Face à cette situation, si les sanctions européennes ont constitué, au moment où elles ont été prises, un signal fort et une manifestation indispensable de la fermeté européenne, elles n’ont pas eu jusqu’à présent tous les effets escomptés. Leur utilité à ce moment-là ne peut pas être remise en cause. Mais, force est de constater que, près de deux ans après le début du conflit, la situation est aujourd’hui gelée et que nous nous trouvons dans une impasse diplomatique.
Alors que le Conseil européen du 19 mars 2015 conditionne la levée des sanctions à une application intégrale des accords de Minsk II, leur mise en œuvre, plus d’un an après, est loin d’être satisfaisante, et ce malgré tous les efforts déployés par les médiateurs : la situation sécuritaire sur le terrain demeure précaire, avec des violations répétées du cessez-le-feu ; les réformes politiques en Ukraine n’ont pas particulièrement avancé ; la question de la Crimée se pose toujours et la Russie contrôle encore près de 400 kilomètres de frontières communes.
Certes, quelques avancées récentes permettent d’équilibrer légèrement ce bilan, mais elles restent bien minimes face à la situation réelle sur le terrain.
Celle-ci ne saurait perdurer, et nous devons, par la voie diplomatique, impulser une relance du processus de résolution.
Plus encore, sur le plan international, alors que nous traversons une période de grande instabilité, notamment dans notre voisinage proche et éloigné, l’Union européenne peut-elle se passer d’un partenaire tel que la Russie ?
Face aux défis multidimensionnels auxquels nous sommes aujourd’hui confrontés, à la fois sécuritaires, diplomatiques et humanitaires, nous devons placer notre action dans le cadre d’une coalition internationale la plus large possible.
Force est de constater que la Russie est un interlocuteur incontournable sur la scène internationale et constitue un partenaire dans notre engagement au Moyen-Orient dans la lutte contre Daech. Il paraît donc nécessaire de multiplier les échanges, afin de répondre à ces enjeux communs.
Je me permets ici de citer un passage du livre intitulé Qui est l’ennemi ? du ministre de la défense : « Face à cette menace, dont l’ambition et les canaux sont mondiaux, il nous faut suivre une stratégie elle-même mondiale qui puisse associer tous ceux – et ils sont nombreux – qui se retrouvent désignés par Daech comme ses ennemis, mais aussi, plus largement, tous les membres des Nations unies. » Dont acte.
Une fois cela dit, je ne souhaite pas non plus laisser entendre que seules les sanctions européennes ont un impact sur nos relations avec la Russie. En effet, non seulement la Russie a violé le droit international, mais elle a également mis en place un certain nombre de mesures de rétorsion au travers, notamment, d’embargos sur les produits alimentaires. Et la persistance de cette situation se fait au détriment direct des populations et des entreprises des deux côtés.

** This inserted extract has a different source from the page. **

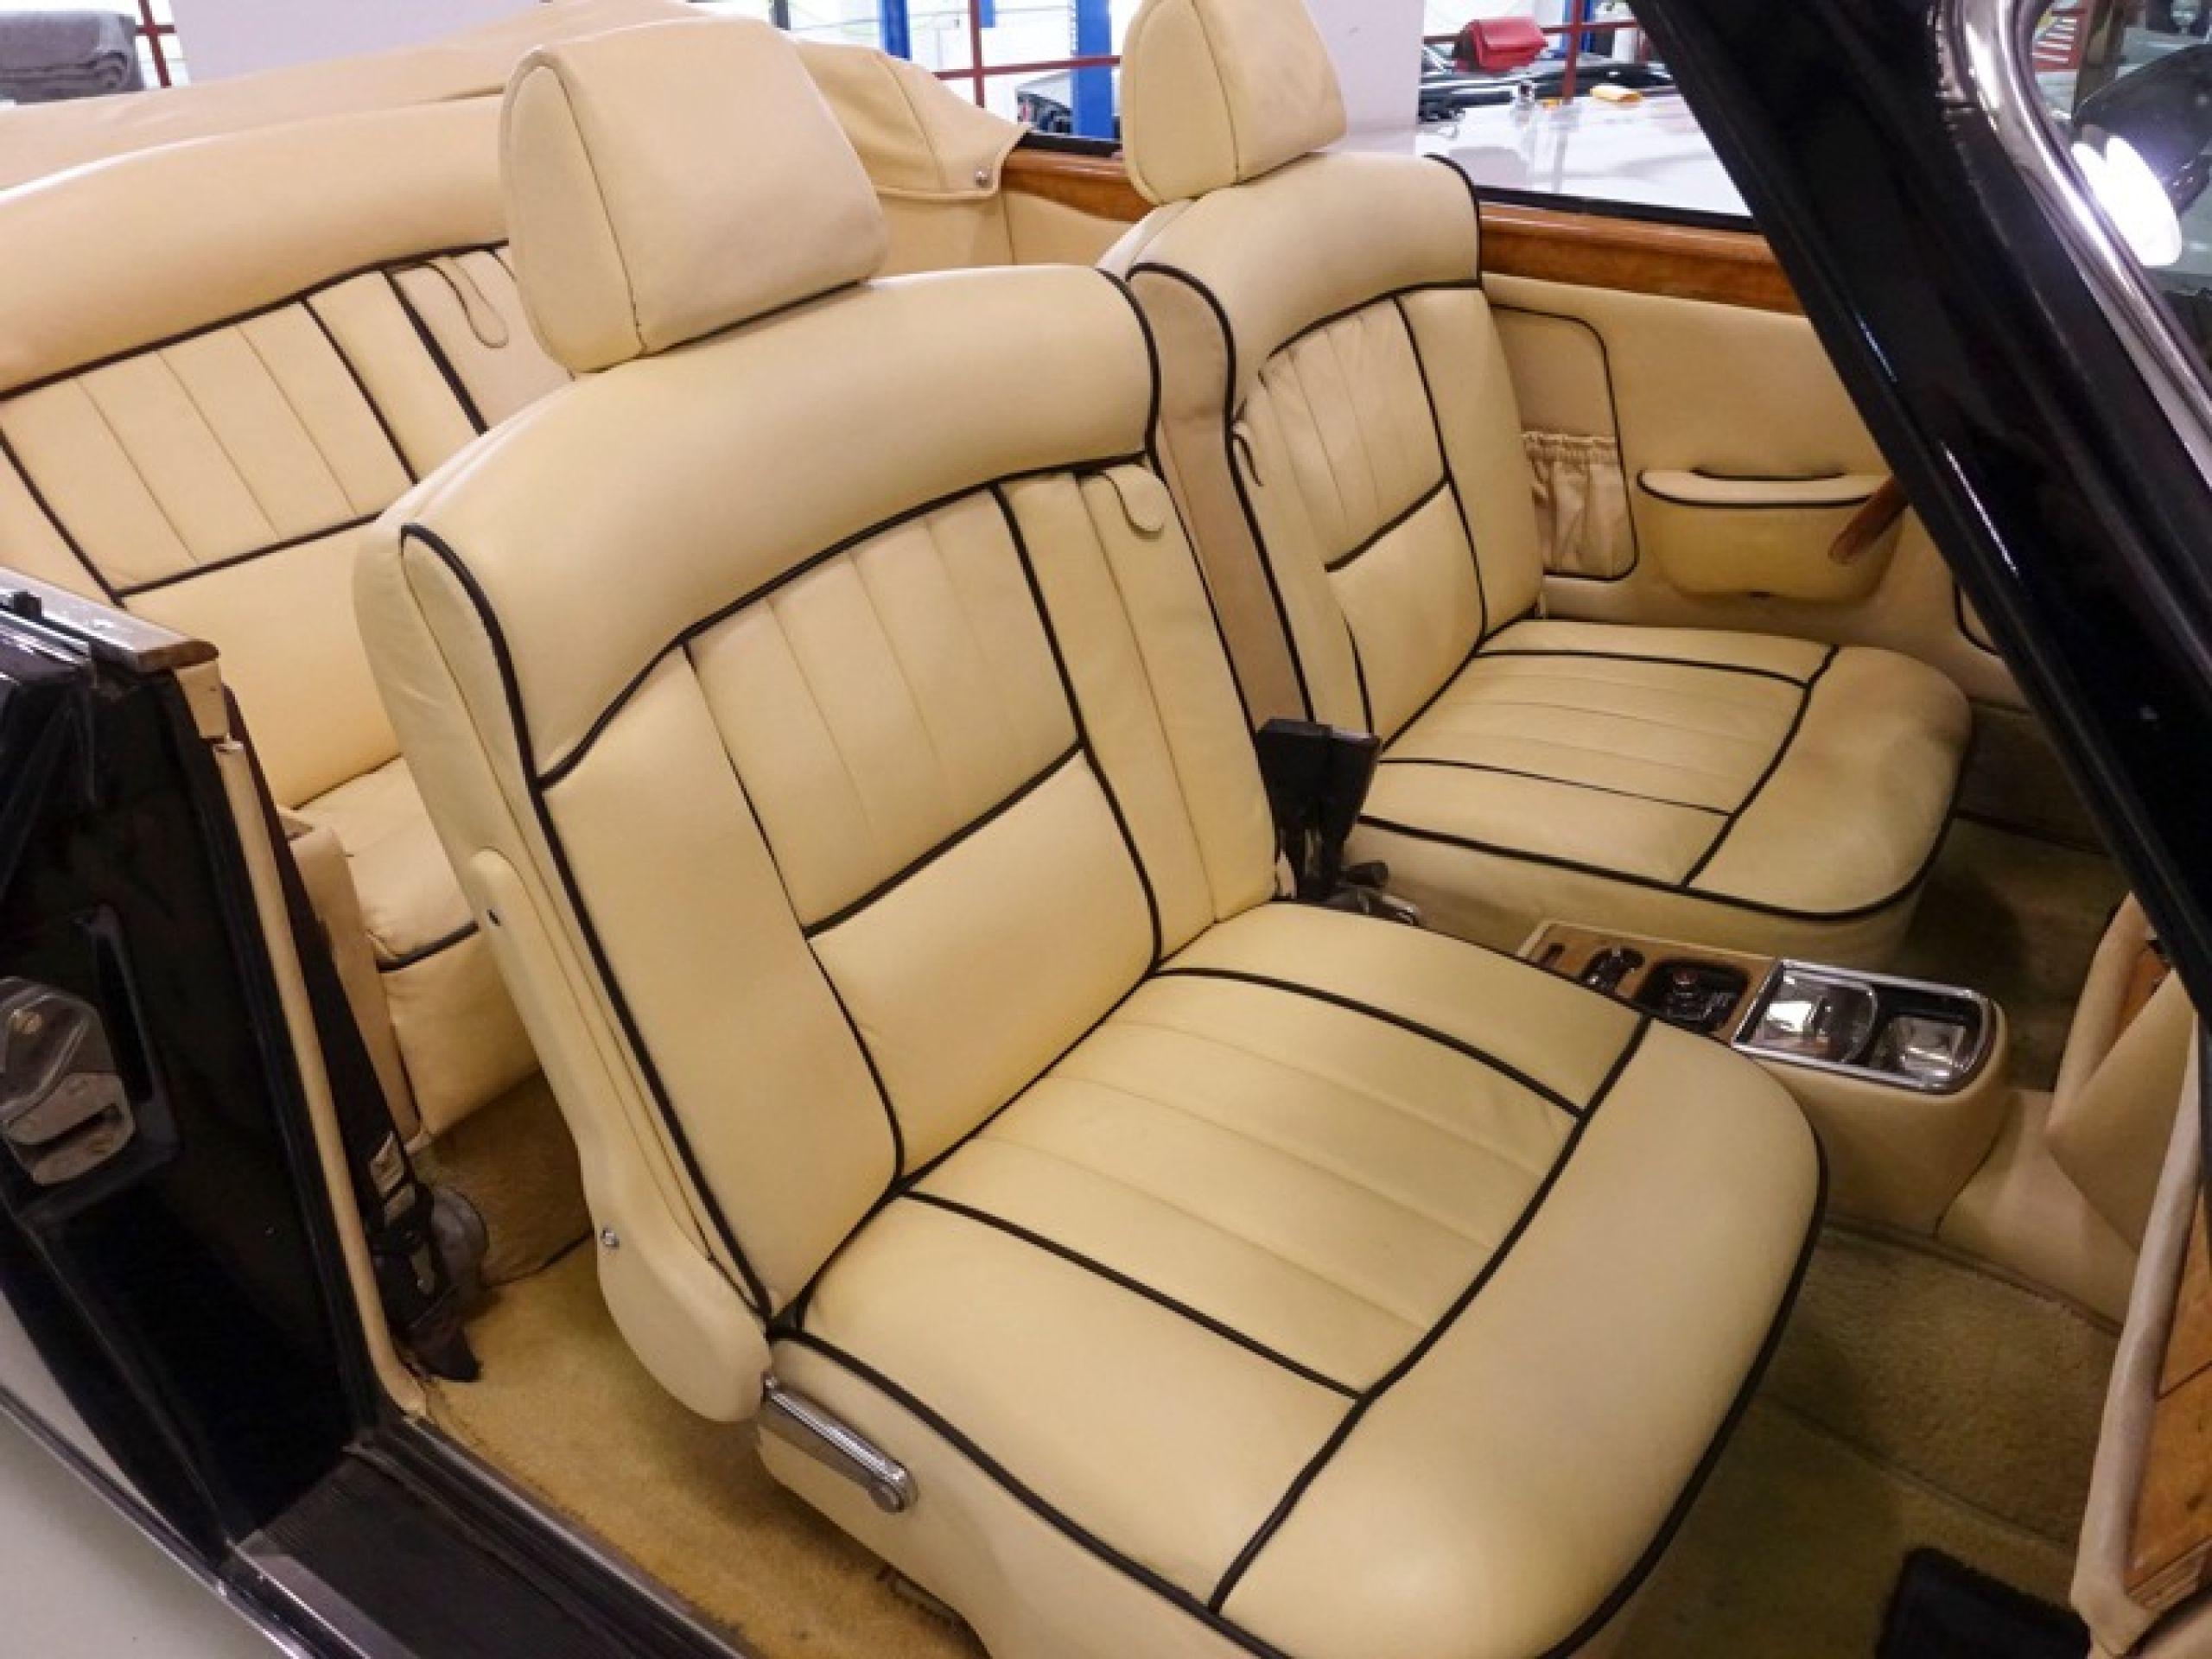 1974 Rolls-Royce Corniche Convertible

Le volume des échanges entre l’Union européenne et la Russie a été divisé par deux et, en un an, les exportations alimentaires européennes vers la Russie ont chuté de 29 %.

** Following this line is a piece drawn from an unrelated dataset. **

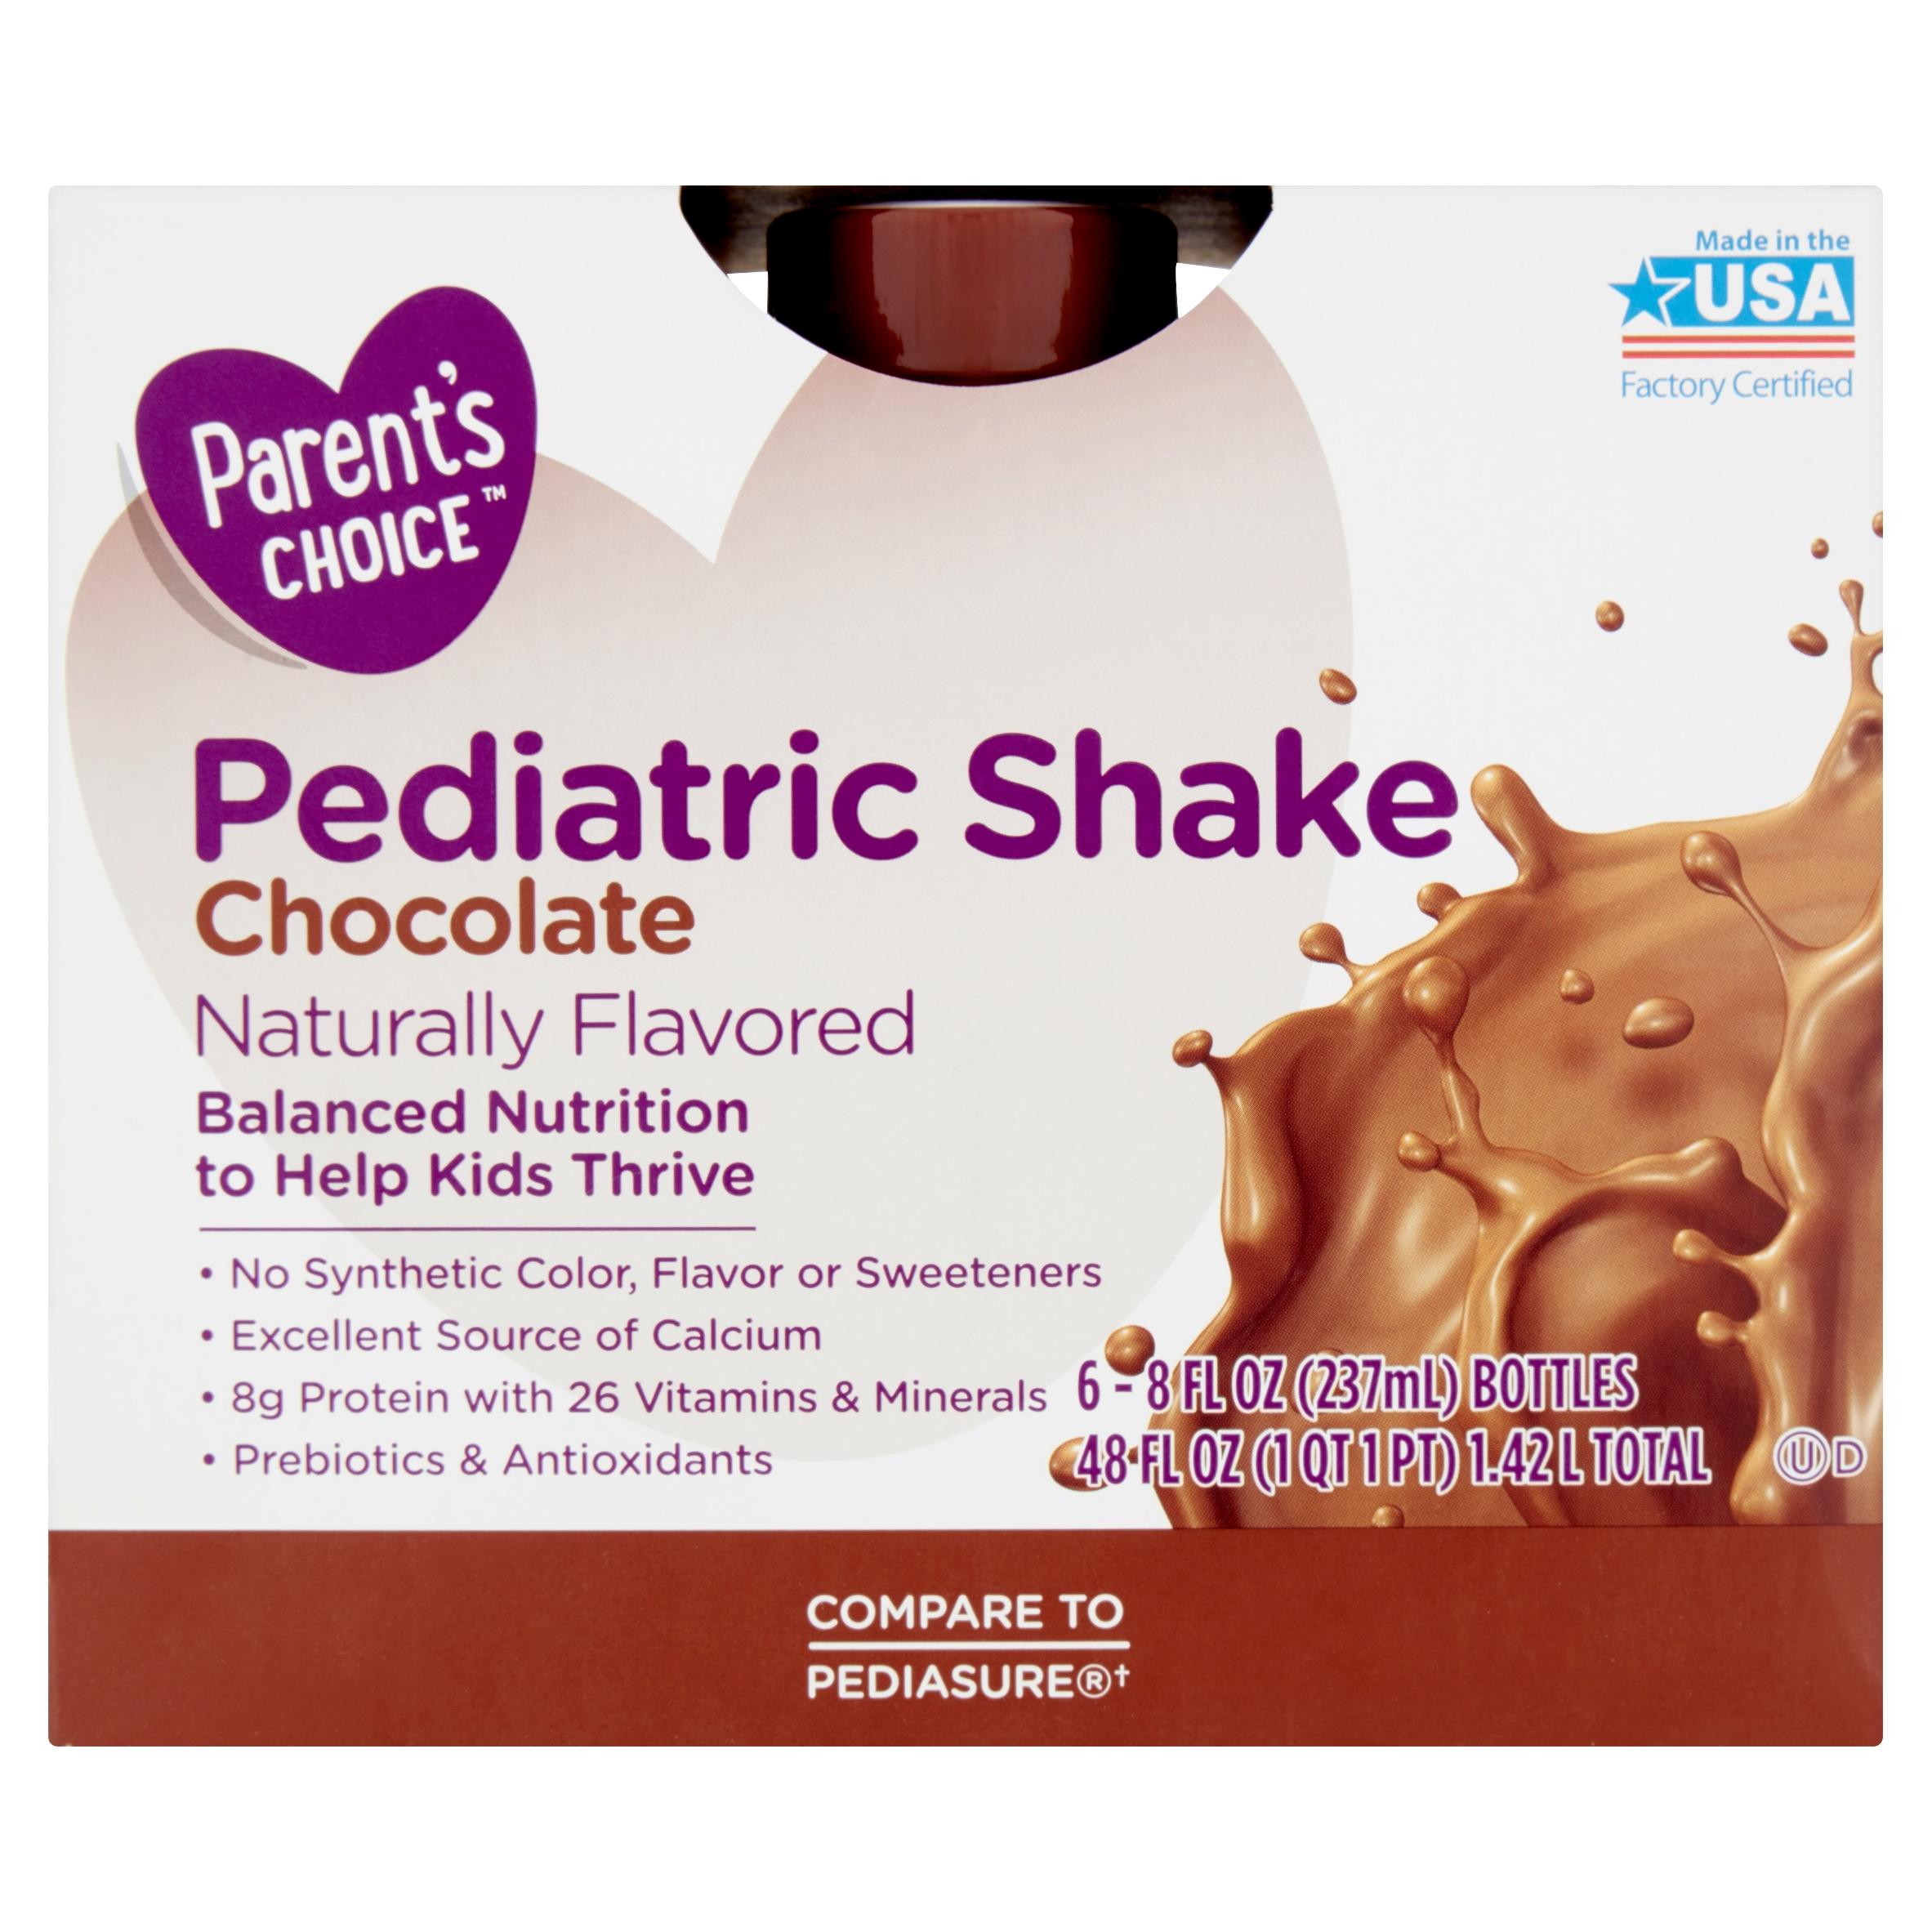 Parent's Choice Chocolate Pediatric Shake, 8 fl oz, 6 count

C’est pourquoi il était important que la réciprocité des engagements du côté russe soit explicitement intégrée au dispositif de la résolution, notamment en ce qui concerne l’embargo décidé antérieurement à la crise ukrainienne et qui pénalise grandement nos agriculteurs.

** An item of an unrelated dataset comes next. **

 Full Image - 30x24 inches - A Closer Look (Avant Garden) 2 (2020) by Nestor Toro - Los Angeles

Dans l’état actuel du texte, tout en saluant la démarche de conciliation qui a été entreprise, tout en rappelant l’objectif final de s’acheminer vers une mise en œuvre effective et complète des accords de Minsk II et tout en reconnaissant l’impasse diplomatique dans laquelle nous sommes, la majorité du groupe écologiste, avec des divergences de points de vue, s’abstiendra.